Summer, summer, summer---what am I going to do with you? Right now, I only have rough plans for my summer. Write more, get published somewhere else, watch more films (maybe try to make a film???), read more. I plan to take a summer class starting May 30 (Major Filmmakers). I'm still working at the State Theatre as an usher, but the State Theatre goes pretty dead in July and August, so I guess I should probably be pressing harder to look for a paying summer job.
But is that really want I want to do? I'm not sure if the heart is quite willing this summer as it was, say, last summer (when I ended up with that disaster of a job with that fat woman accountant in East Brunswick). But here we go again: my parents---this time, both Mom and Dad---are pressuring me to "get out there and work." Apparently, my staying home and watching movies all the time drives Mom "nuts."
My mother will probably never understand. She thinks movies are just disposable entertainments that divert her or put her to sleep; she doesn't take them seriously as I do, so of course she would think I was wasting my time if I watched them all the time. How else do I expand my knowledge of cinema as an art form, I asked her. Tellingly, she never really answered the question, instead bringing up once again a part-time job opportunity with some lawyer as some kind of legal assistant that I had kinda decided not to pursue days ago. And to think that Mom sincerely believes that she's not putting any pressure on me whatsoever!

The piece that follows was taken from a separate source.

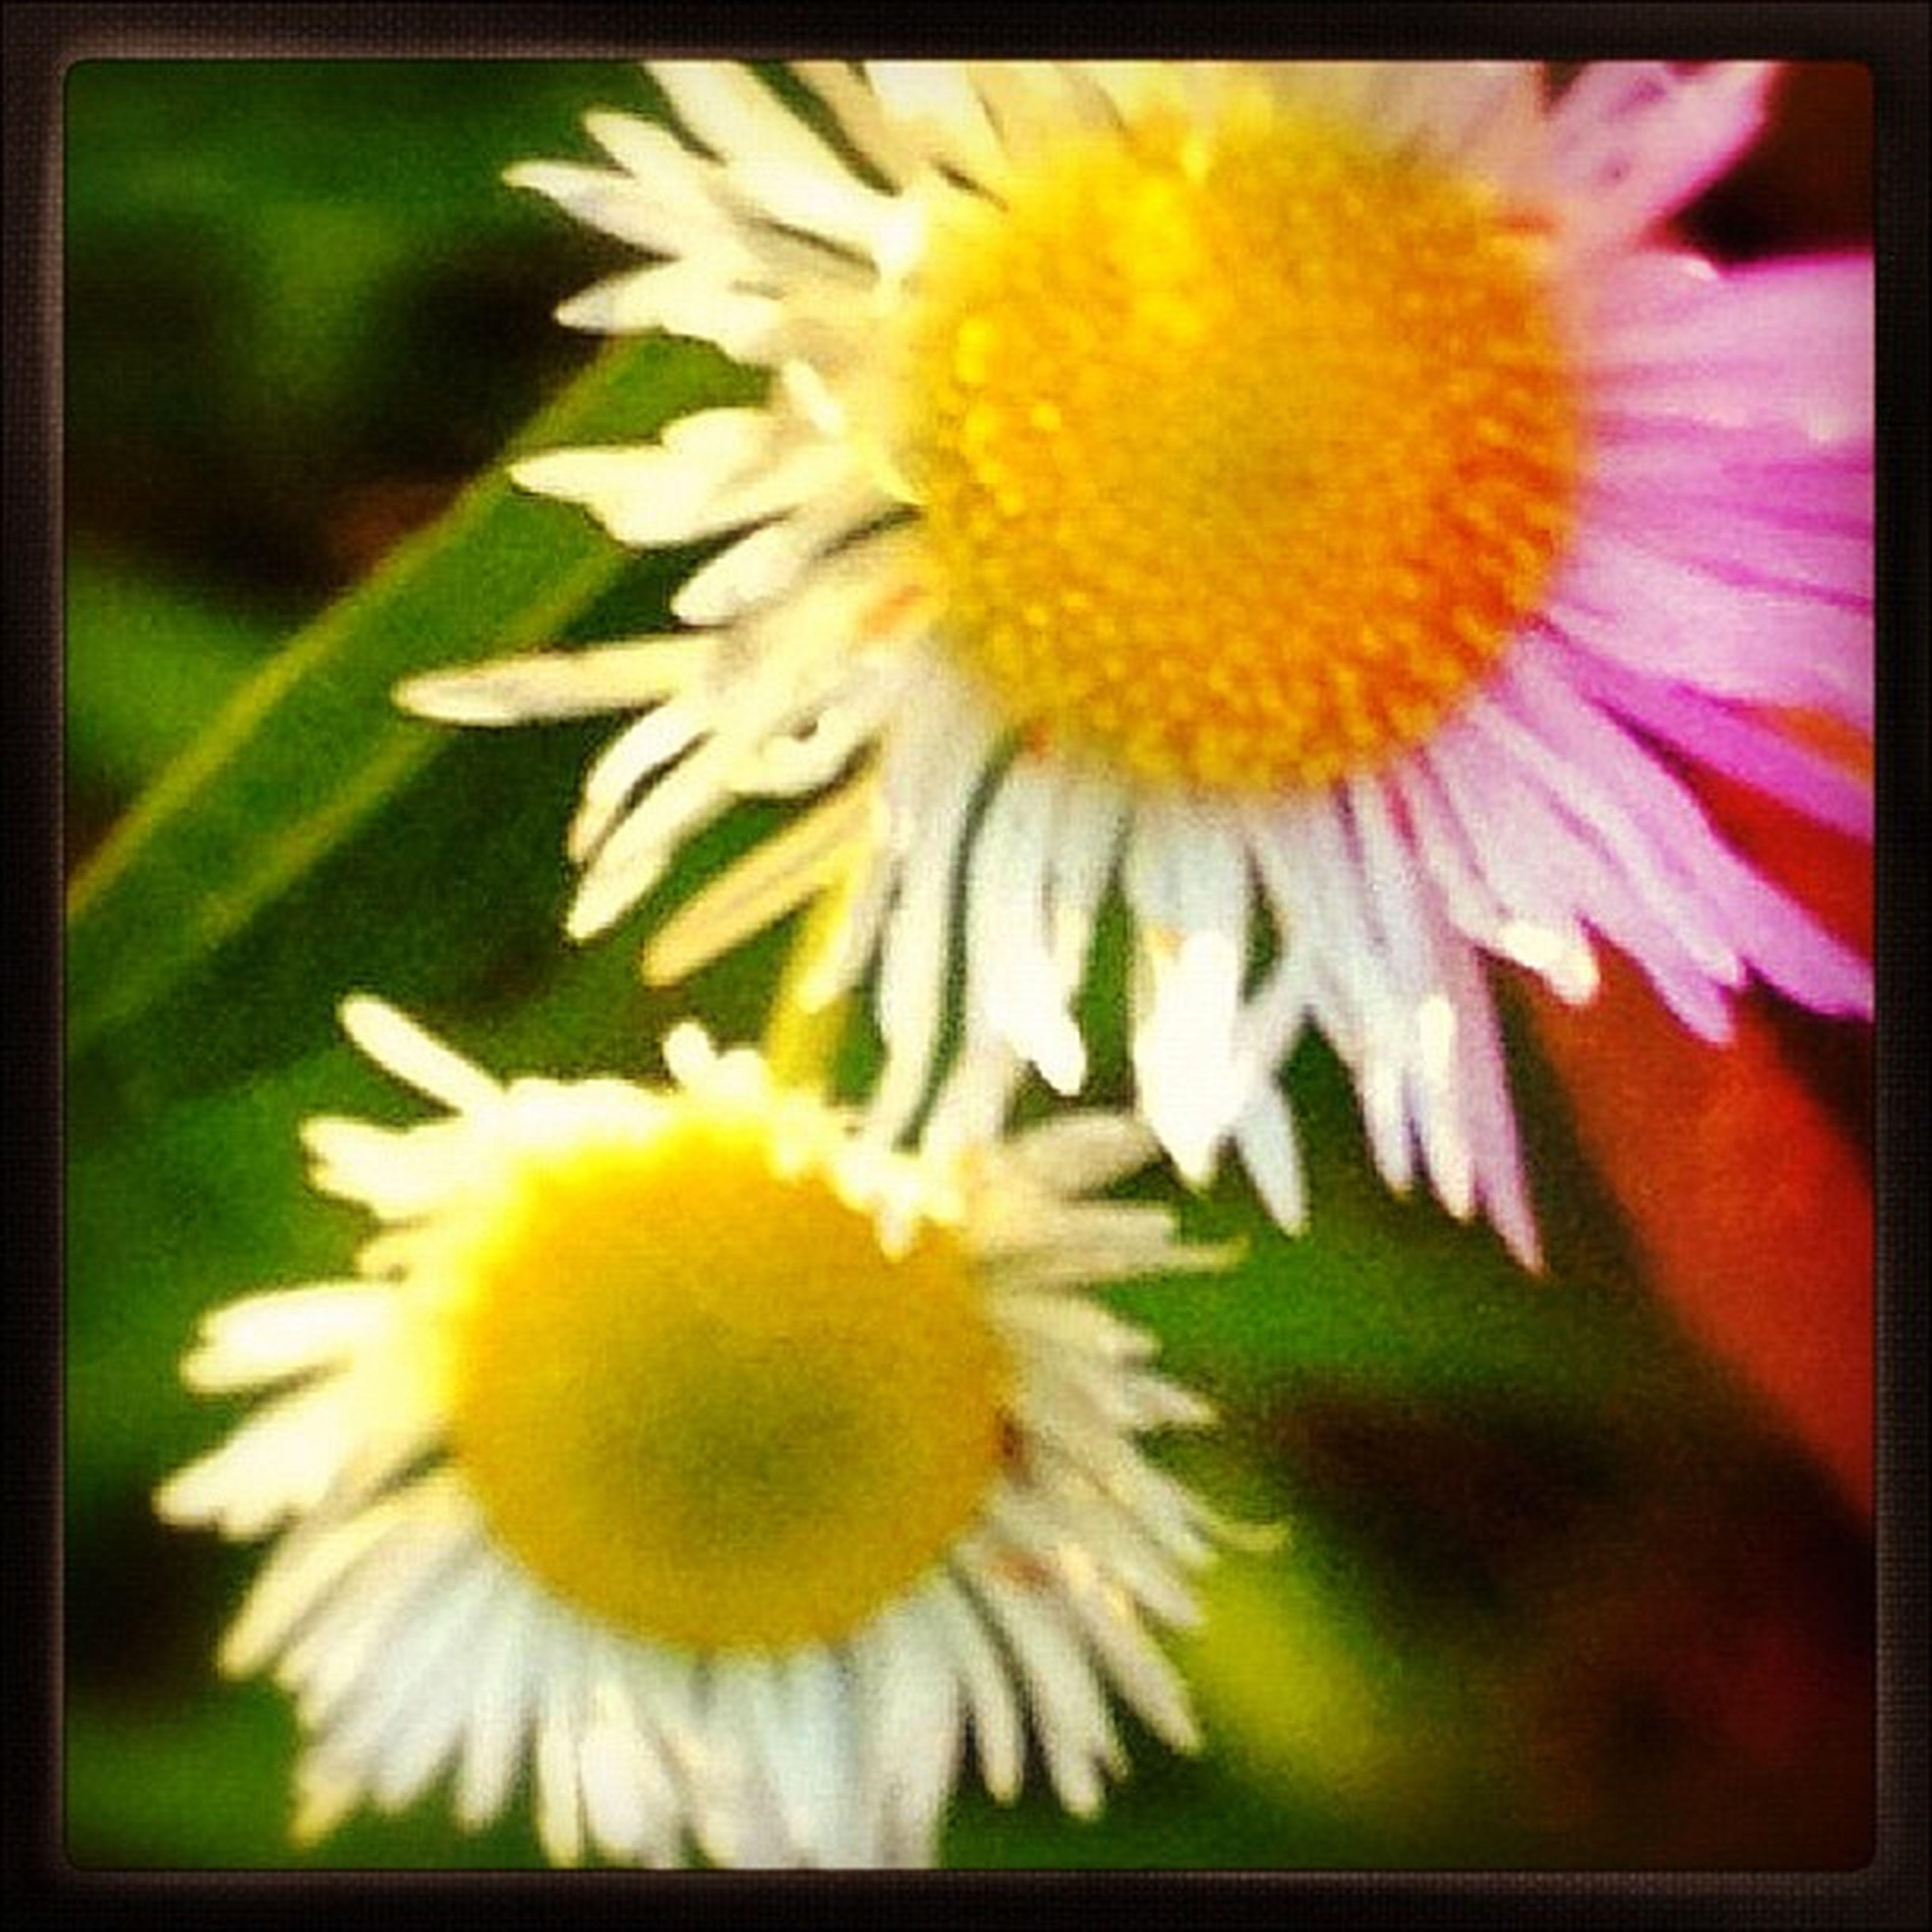 #flowers #gentle #serenity #macroflowers #macro #macroporn #flowerporn #garden #iphone4s Garden Macro IPhone4s Serenity Flowerporn Gentle Macroporn 19likes Macroflowers Flowers

Oh, and of course she still thinks that living at Rockoff Hall in the bad city of New Brunswick is a terribly wrongheaded, costly decision; in fact, she even dared to lecture my roommate on this as she drove him back to his house! (Mom, believe me, I admire the fact you speak your mind and all, but that seems to be pushing it to personally embarrassing extremes, don't you think?) Technically, my father agrees with her on that topic---and frankly, I have no answers for either of them. What else can I say? I feel too overwhelmed by work to make a conscious effort to look for my own place during the semester, and maybe I just don't feel like taking on the responsibility of paying for my own utilities and all that right now. Sound lazy? Well, maybe it is. But I certainly am not living at home during the school year; I think my sanity would probably suffer if I did!
Damn you both for making me think anguished thoughts now whenever I think of the word "Rockoff"! Your reservations are duly noted and not totally without merit, but I don't think I need more of this internal conflict now. I already had enough of that last year, when I struggled terribly over whether to drop my accounting major and focus on journalism.
But I shouldn't end this lengthy post on too down a note. This was overall a good, productive semester in which I honed my reporting and writing skills and learned some other stuff in the process. I should brace embrace for challenges ahead, though: my fourth year is coming up, and I'm going to have to start thinking seriously about what I'm going to do when I get out of college. Not to mention fulfill my duty as new Film Editor for the Inside Beat, work on my senior thesis, and look for a journalism internship to get good experience. I guess I'm going to have to, as my mother has often accused me of not doing---think far ahead.